Meta AI recently launched MobileLLM-R1, a series of lightweight edge inference models, which are now available on Hugging Face. The model series has parameters ranging from 140M to 950M, focusing on efficient mathematical, coding, and scientific reasoning, and achieving excellent performance with fewer than 1 billion parameters.

image.png

The largest model in the MobileLLM-R1 series is MobileLLM-R1-950M, which uses a series of architectural optimization designs: including 22-layer Transformer structures, 24 attention heads, and 6 grouped KV heads. The embedding dimension of the model is 1536, and the hidden layer dimension is 6144. In addition, the model uses grouped query attention (GQA) to reduce computational and memory requirements, block-level weight sharing technology reduces the number of parameters without significantly increasing latency, and the SwiGLU activation function enhances the representational ability of small models. The model supports a context length of 4K and a 32K post-training model.

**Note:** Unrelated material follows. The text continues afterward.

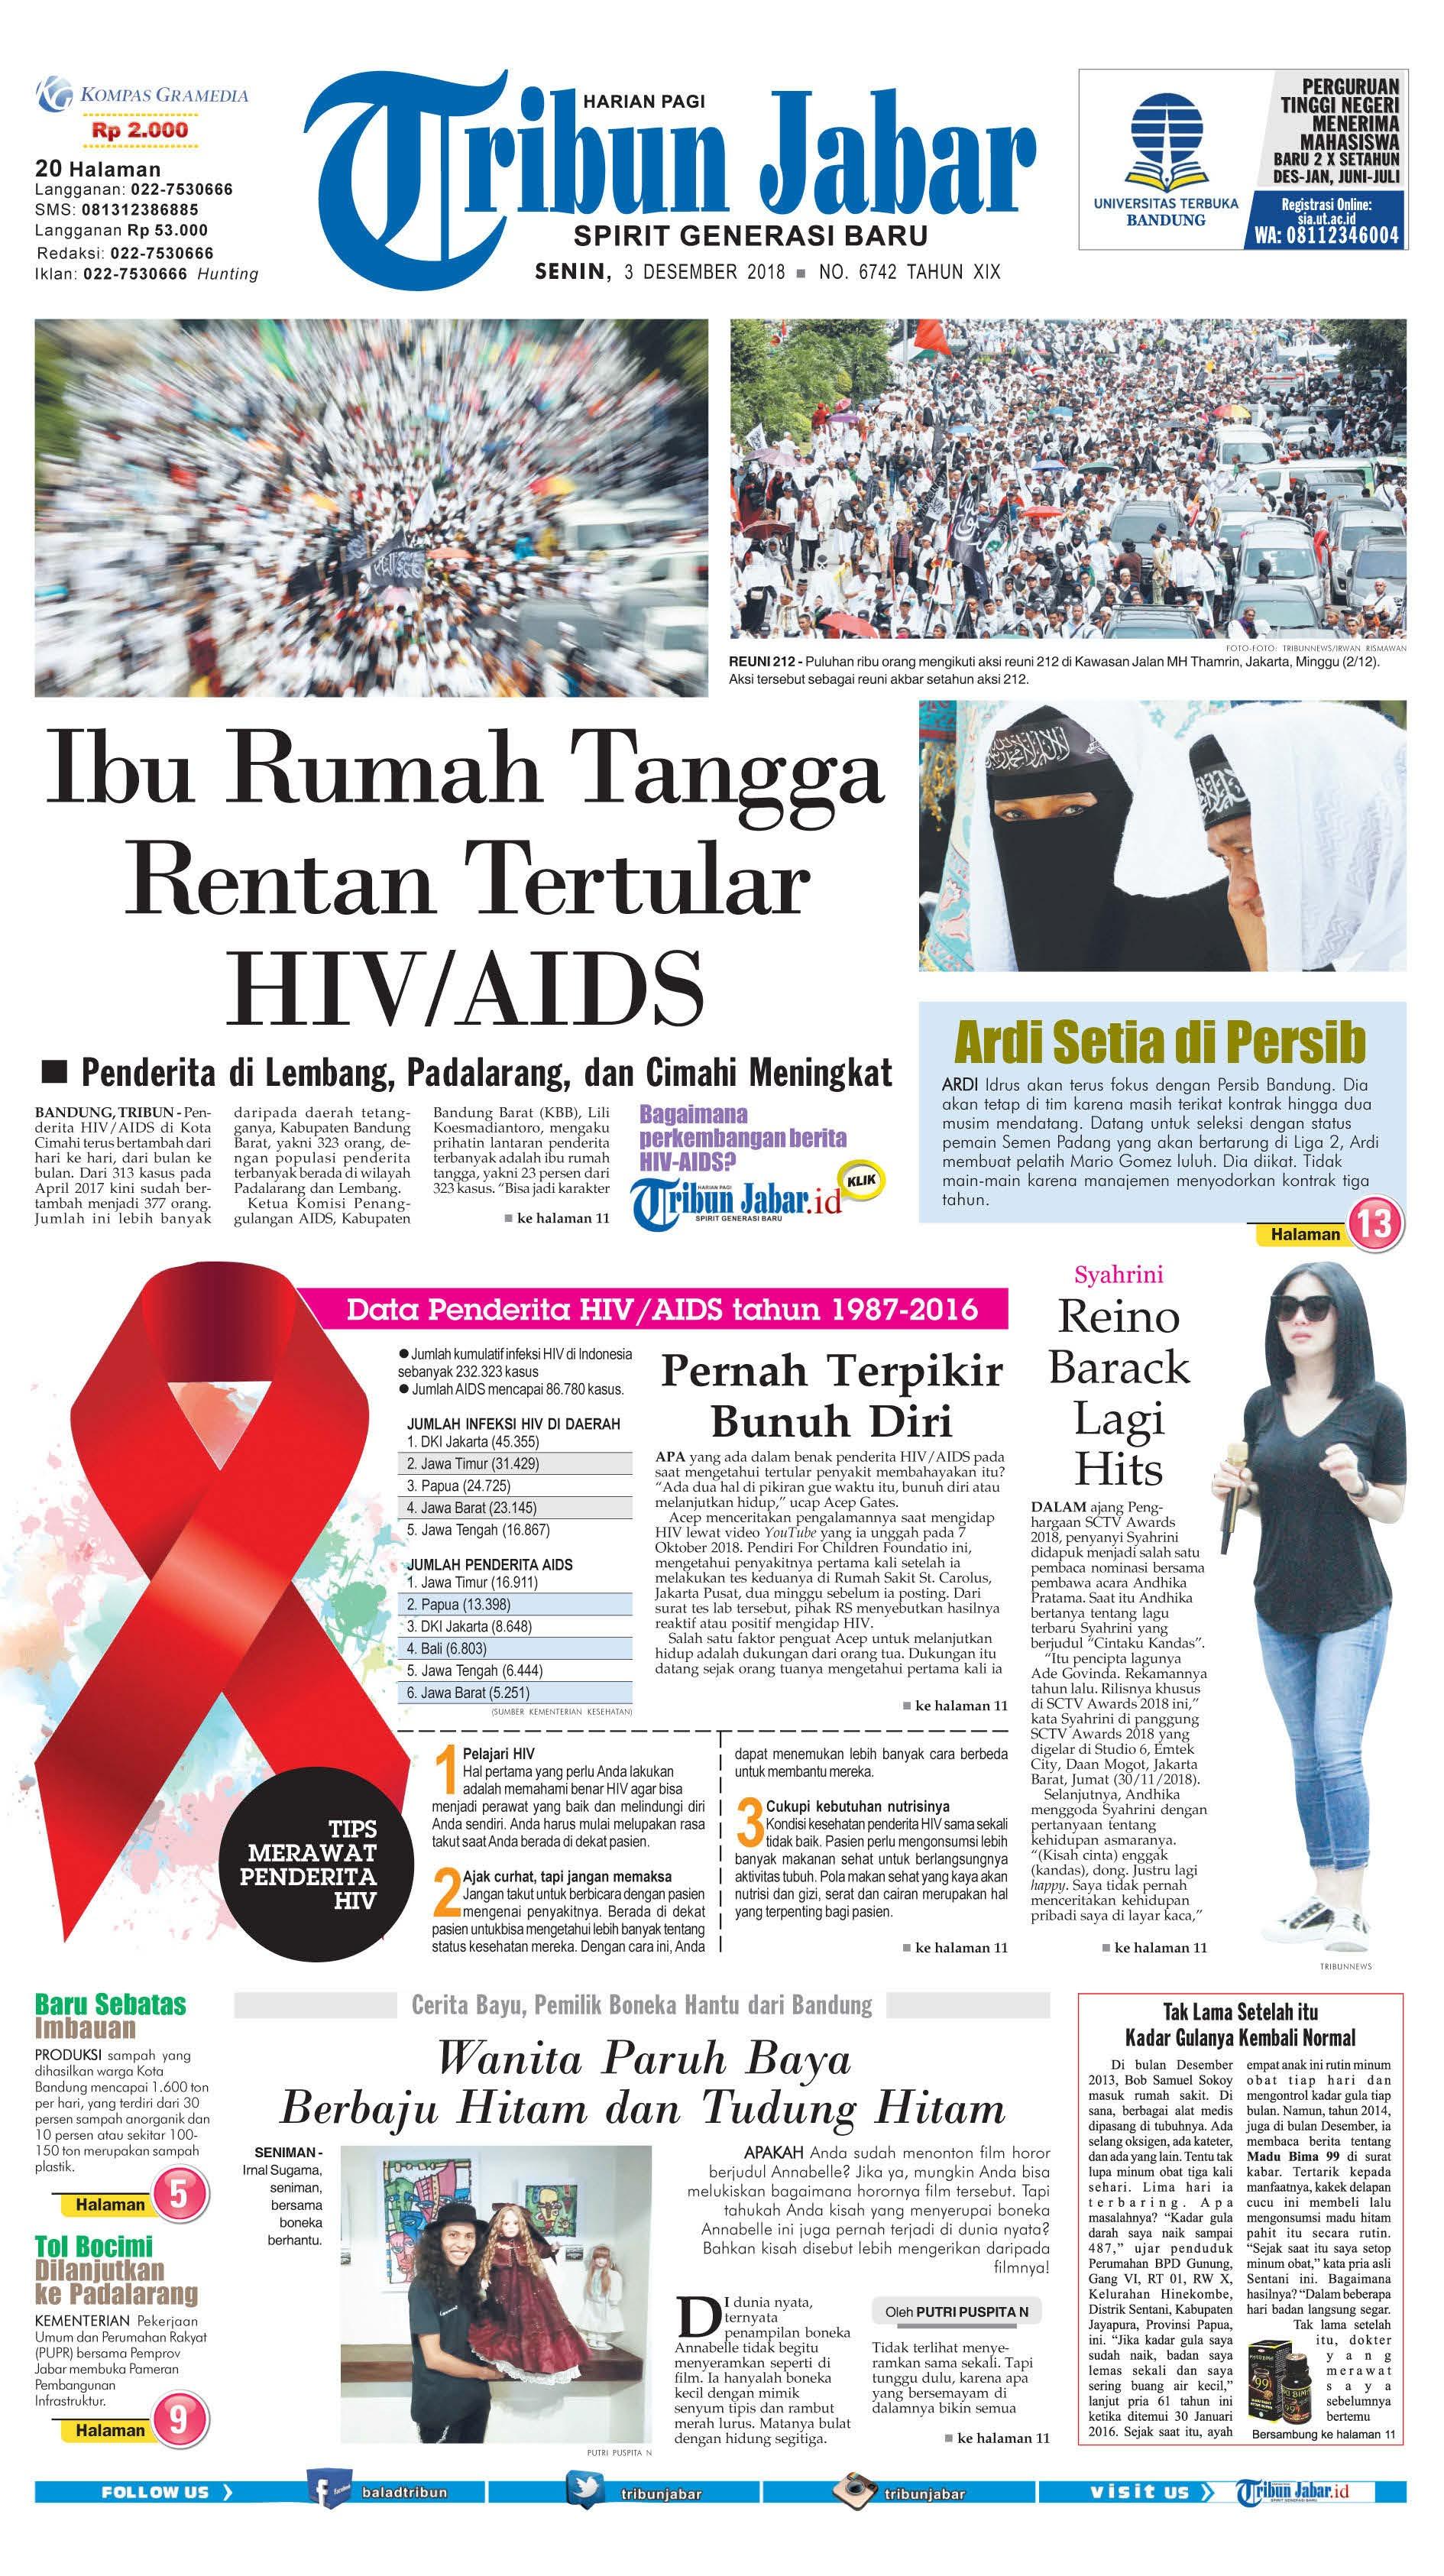 Tribun Jabar Newspaper 03 December 2018 Gramedia Digital

In terms of training efficiency, MobileLLM-R1 also shows remarkable performance. The model was trained on approximately 4.2 trillion tokens, using only about 11.7% of the data compared to Qwen3's 0.6B model, which was trained on 36 trillion tokens, and achieved or exceeded the accuracy of Qwen3. At the same time, the model was fine-tuned on supervised datasets for mathematical, coding, and reasoning tasks, thereby reducing training costs and resource requirements.

In various benchmark tests, MobileLLM-R1-950M performed excellently: on the MATH500 dataset, its accuracy was about five times higher than OLMo-1.24B and about twice higher than SmolLM2-1.7B. On reasoning and coding tasks such as GSM8K, AIME, and LiveCodeBench, MobileLLM-R1 even matched or surpassed Qwen3-0.6B, despite using far fewer tokens than the latter.

However, the focus of MobileLLM-R1 also brings limitations. Although it performs strongly in mathematics, coding, and structured reasoning, it lags behind larger models in general conversation, common-sense reasoning, and creative tasks. In addition, the use of the model in production environments is restricted by the FAIR NC (non-commercial) license, and the longer context (32K) increases the key-value cache and memory requirements during inference.

Overall, Meta's MobileLLM-R1 demonstrates a trend towards smaller and more specialized models, which can achieve competitive reasoning capabilities without requiring large-scale training budgets. The model performs particularly well in mathematical, coding, and scientific application scenarios, defining new standards for large-scale language model deployment on edge devices.

Project: https://huggingface.co/facebook/MobileLLM-R1-950M

Key Points:   

🧩 ** New Model Release **: Meta AI launched the MobileLLM-R1 series of lightweight edge inference models with parameters ranging from 140M to 950M.   

📊 ** Training Efficiency **: MobileLLM-R1 showed excellent performance using only about 11.7% of the data, significantly reducing training costs and resource requirements.   

💡 ** Performance Advantages **: In multiple benchmark tests, MobileLLM-R1-950M outperformed several large open-source models, especially in mathematical and coding tasks.